BRIEF DESCRIPTION OF THE DRAWINGS

[0017] The aforementioned and other features and objects of the present invention and the manner of attaining them will become more apparent and the invention itself will be best understood by reference to the following description of a preferred embodiment taken in conjunction with the accompanying drawings, wherein:

[0018] FIG. 1 shows a simple interconnect tree between a plurality of I/O devices and a single microprocessor complex as is known in the prior art;

[0019] FIG. 2 shows storage processor appliance architecture with a plurality of I/O devices (arrays) and multiple hosts as is known in the prior art;

[0020] FIG. 3 shows a redundant high availability storage array using a switching fabric coupling a plurality of storage arrays and a plurality of microprocessor complexes as is known in the prior art;

[0021] FIG. 4 shows a high level block diagram of a switching fabric having I/O routers for providing a plurality of data paths between some I/O device and each microprocessor complex using a cross-coupled switching fabric and multiple ported I/O routers, according to one embodiment of the present invention;

[0022] FIG. 5 is a high level block diagram for a system for separating data content from data control among a plurality of microprocessor complexes, according to one embodiment of the present invention and

[0023] FIG. 6 is a flow chart of one method embodiment for providing multiple data paths between a plurality of I/O devices and a plurality of microprocessor complexes using a cross-coupled switching fabric and multiple ported I/O routers, according to the present invention.

[0024] The Figures depict embodiments of the present invention for purposes of illustration only. One skilled in the art will readily recognize from the following discussion that alternative embodiments of the structures and methods illustrated herein may be employed without departing from the principles of the invention described herein.

DETAILED DESCRIPTION OF THE PREFERRED EMBODIMENTS

[0025] Dual ported I/O cards (also referred to herein as I/O routers) couple I/O devices to a cross-coupled switching fabric to provide multiple levels of path redundancy. Each I/O router possesses two or more internal ports allowing each I/O router to access multiple switches in a cross-coupled switching fabric. I/O cards, routers, possess ports on both the front and back side of the card. Traditionally I/O cards, as is well known in the art, will have between 2 and 8 ports on the front side of the card for connecting the card to I/O devices but only a single port on the back side of the I/O card. According to one embodiment of the present invention, I/O routers of the present invention possess two or more back end, or internal ports so as to provide additional redundant paths between each I/O device and each microprocessor complex thus supplying additional means to balance data traffic and thereby maximize bandwidth utilization. Hereinafter, I/O routers referred to in this detailed description are those I/O cards comprising two or more back end or back side ports. In one embodiment of the present invention, I/O routers using a plurality of back end ports accesses a switching fabric that uses cross-coupled nontransparent ports providing each I/O device with multiple paths upon which to pass data.
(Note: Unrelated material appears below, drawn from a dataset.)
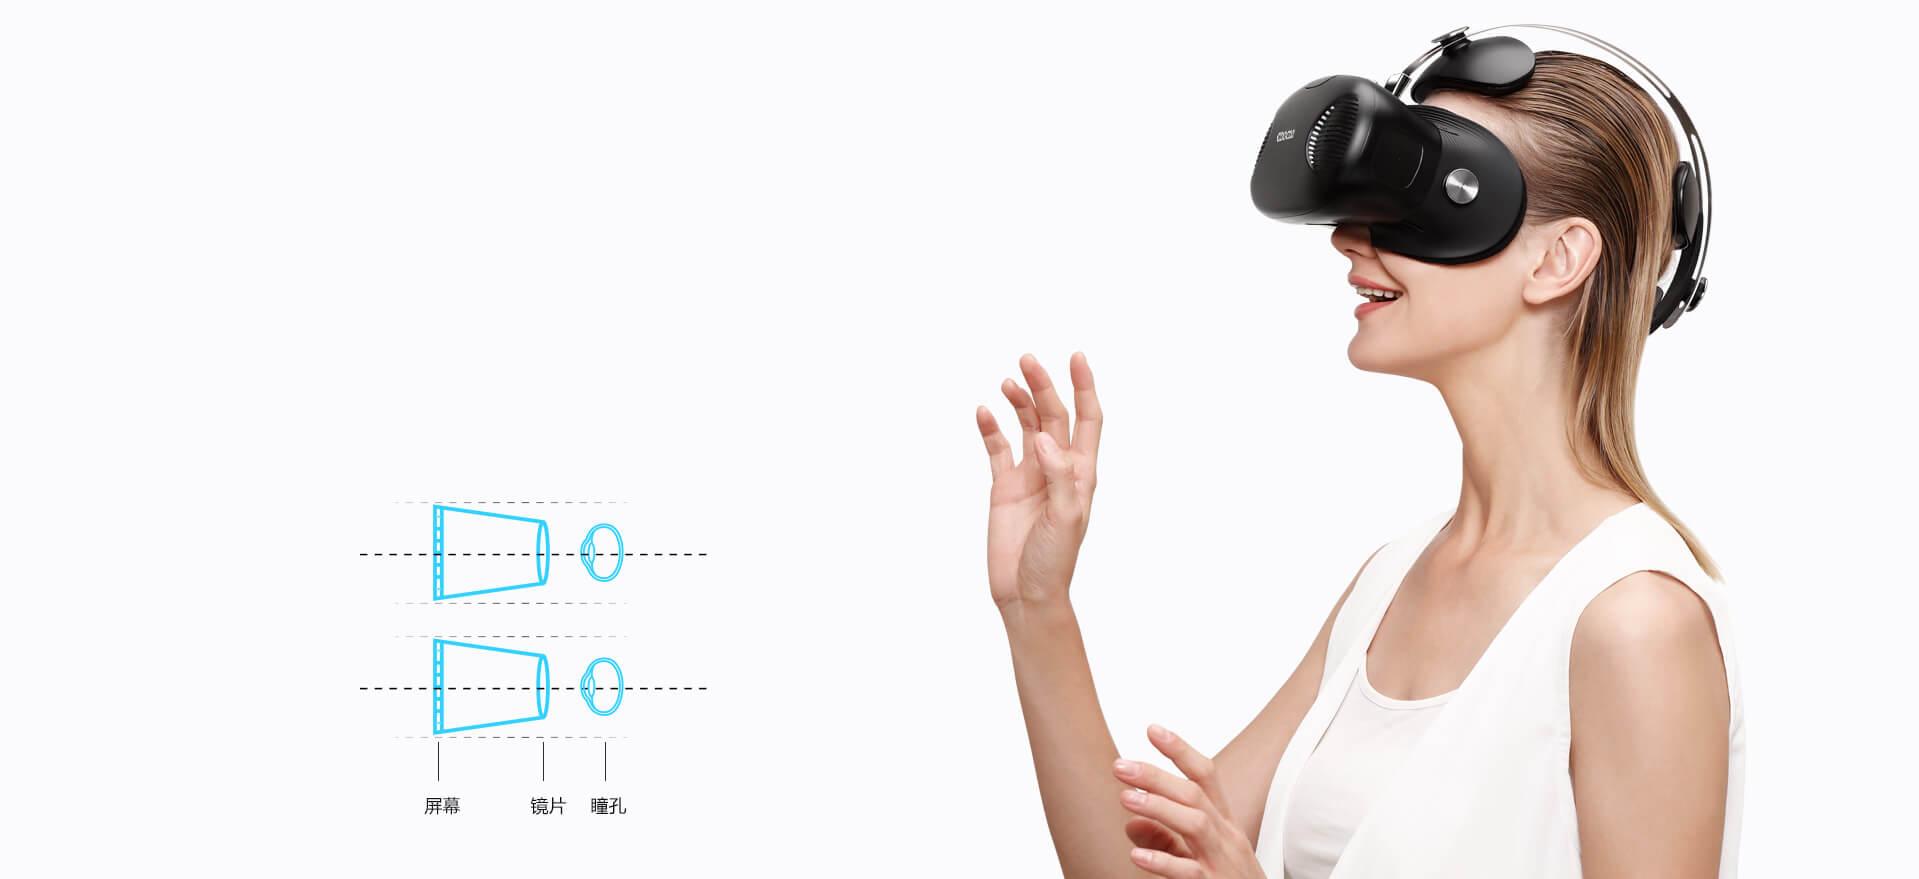 同步双独立光学系统-酷开VR一体机

[0026] One embodiment of the present invention utilizes I/O routers that can themselves determine what virtualization services are needed and thereafter send the control portion of a data transfer to the microprocessor complex on which that service is running. Simultaneously, I/O routers can select a (possibly different) microprocessor complex to store the data in a local buffer. Thus data control can be passed to the appropriate microprocessor complex without first visiting the microprocessor owning the I/O router independent of the storage location of the data.

[0027] Control of what path is selected between any I/O device and any particular microprocessor complex rests with the microprocessor complex connected to the I/O device via the transparent port on a switch. Note that data can be sent over any port (i.e. path) of the I/O router. In one embodiment of the present invention, each port of an I/O router is connected to a different switch. The I/O router can continue to function to deliver data to the designated microprocessor complex even when one of the switches coupled to the I/O router fails. In another embodiment the I/O router is not only connected to a functioning switch of the switching fabric, but, should the utilized switch employ a nontransparent port or ports to allow connection to between all microprocessor complexes as is described in co-pending U.S. patent application Ser. No. ______ entitled "Cross-Coupled Peripheral Component Interconnect Express Switch," the I/O router can maintain connectivity to all microprocessor complexes even in the event of individual switch failure with minimal performance degradation.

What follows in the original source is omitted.